Next 15 Group PLC's Strategic Execution Amidst Tech Sector Volatility

Published on April 2024


Next 15 Group PLC showcased a resilient financial performance for the year ended 31 January 2024, reporting a net revenue increase of 2.5% to £577.8 million. Adjusted operating profit rose to £121.1 million, up by 6.1%, with a profit margin expansion to 21.0%. Statutory revenue and operating profit also saw increases, despite challenges in the tech sector which declined by 17%.


Next 15 demonstrated strong financial health, marked by a strategic blend of organic growth and successful mergers and acquisitions (M&A). Organic revenue growth was modest at 0.3%, complemented by a 3.3% boost from acquisitions. The group’s focus on high-margin segments contributed to an improved profit margin. Cash flow remained robust with net cash from operations up by 10.3% to £105.0 million, supporting ongoing investments and shareholder returns.

Risk Factors:

Key risks include sector-specific downturns, particularly in technology spending, which saw a significant decline. The company’s performance is susceptible to macroeconomic conditions and currency fluctuations, evidenced by a 1.1% FX headwind. Next 15’s proactive risk management involves diversification across customer segments and enhanced service offerings to mitigate these impacts.

CEO Tim Dyson highlighted the decentralised model and diversification as pivotal in navigating economic turbulence.
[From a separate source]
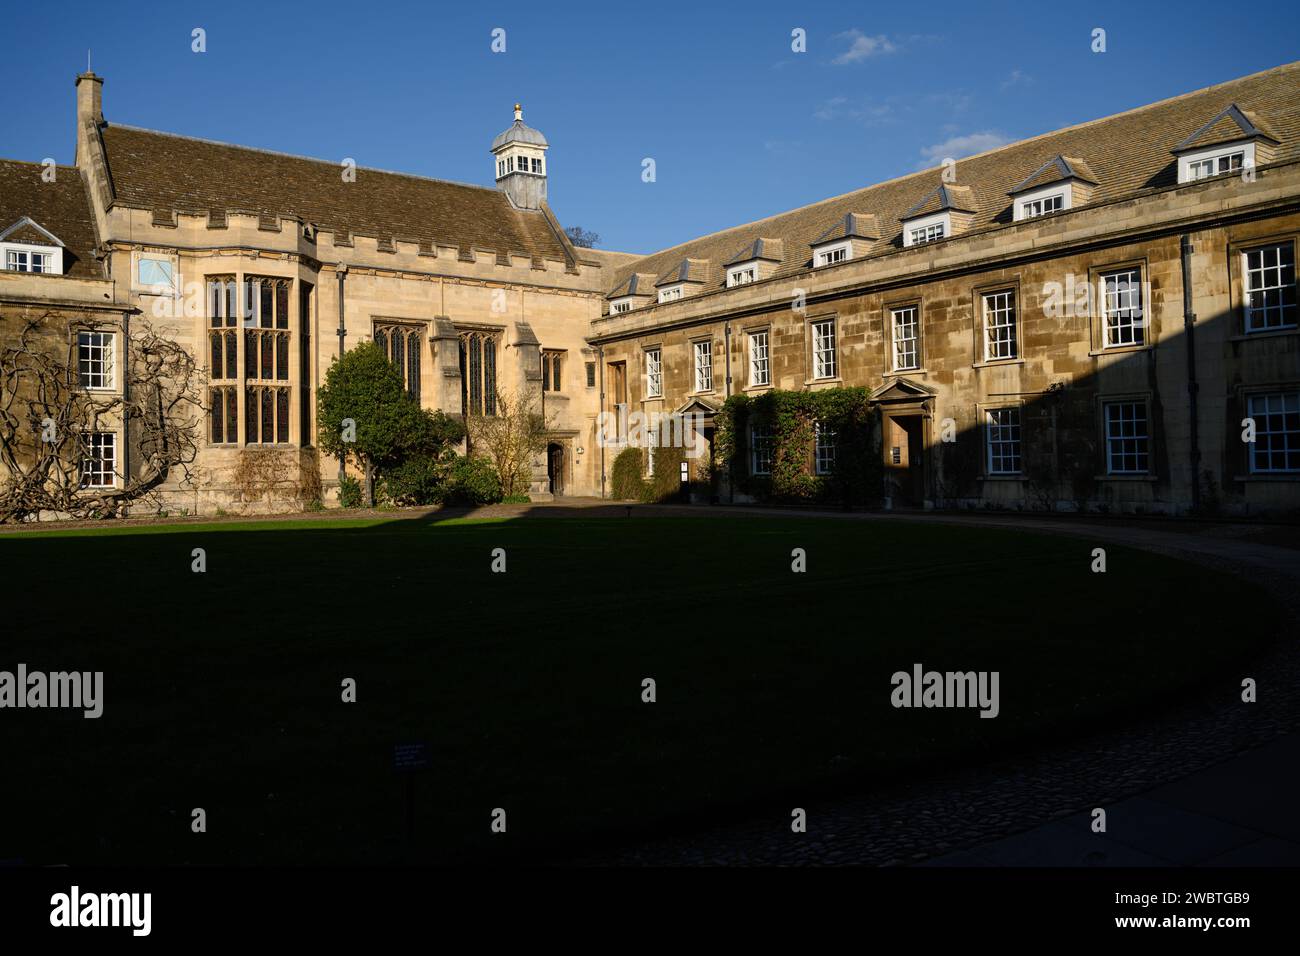 Bien que connue pour sa prestigieuse université, Cambridge est également l'une des villes les plus inégales du Royaume-Uni. Il y a une disparité alarmante entre la ville et la robe en termes de richesse. Le quadrant du Collège du Christ dans la lumière de fin d'après-midi. Banque D'Images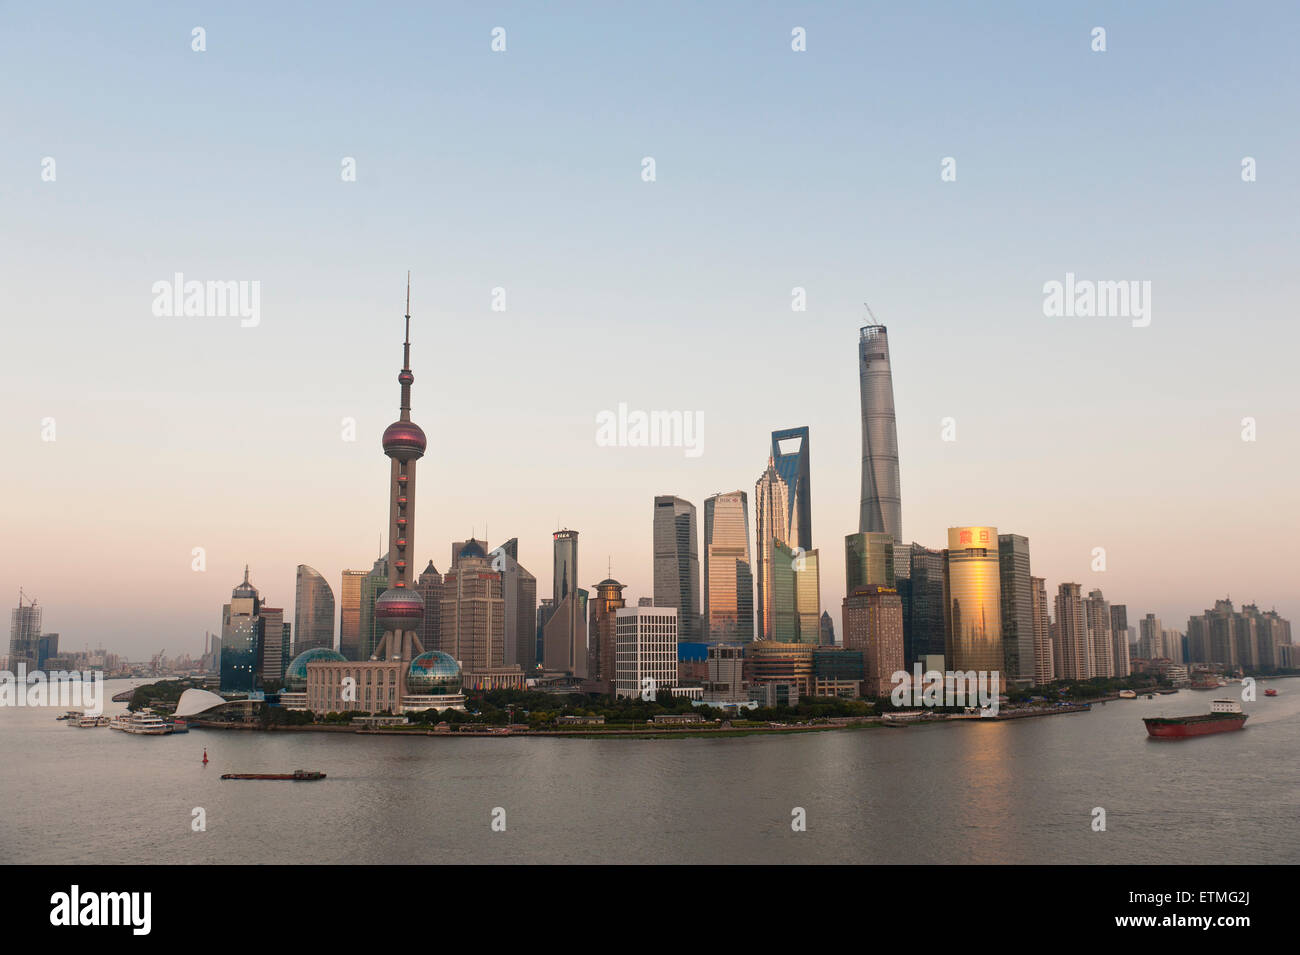 Skyline avec les gratte-ciel, la tour de télévision Oriental Pearl Tower, Tour de Shanghai, tour Jin Mao, la rivière Huangpu, Pudong, Shanghai Banque D'Images

The management remains committed to integrating AI and digital transformation across operations, aiming to productise services to enhance efficiency and profitability.

Outlook and Future Projections:

With a solid start to the new financial year, Next 15 is poised for continued growth. The focus will remain on strategic acquisitions and AI investments, targeting a doubling in business size over the next five years. Revenue and earnings are expected to grow steadily, supported by strong business fundamentals and market position.

Based on the analysis, I would maintain a ‘hold’ stance on Next 15 shares, recognizing both the growth potential and existing risks. This stance is driven by the company’s robust financial position and strategic initiatives, which are likely to sustain growth amidst uncertainties.

Key Takeaways for Investors:

Investors should note the company’s effective response to sectoral shifts and its strategic acquisitions. The increased dividend and share buyback program reflect confidence in long-term financial health.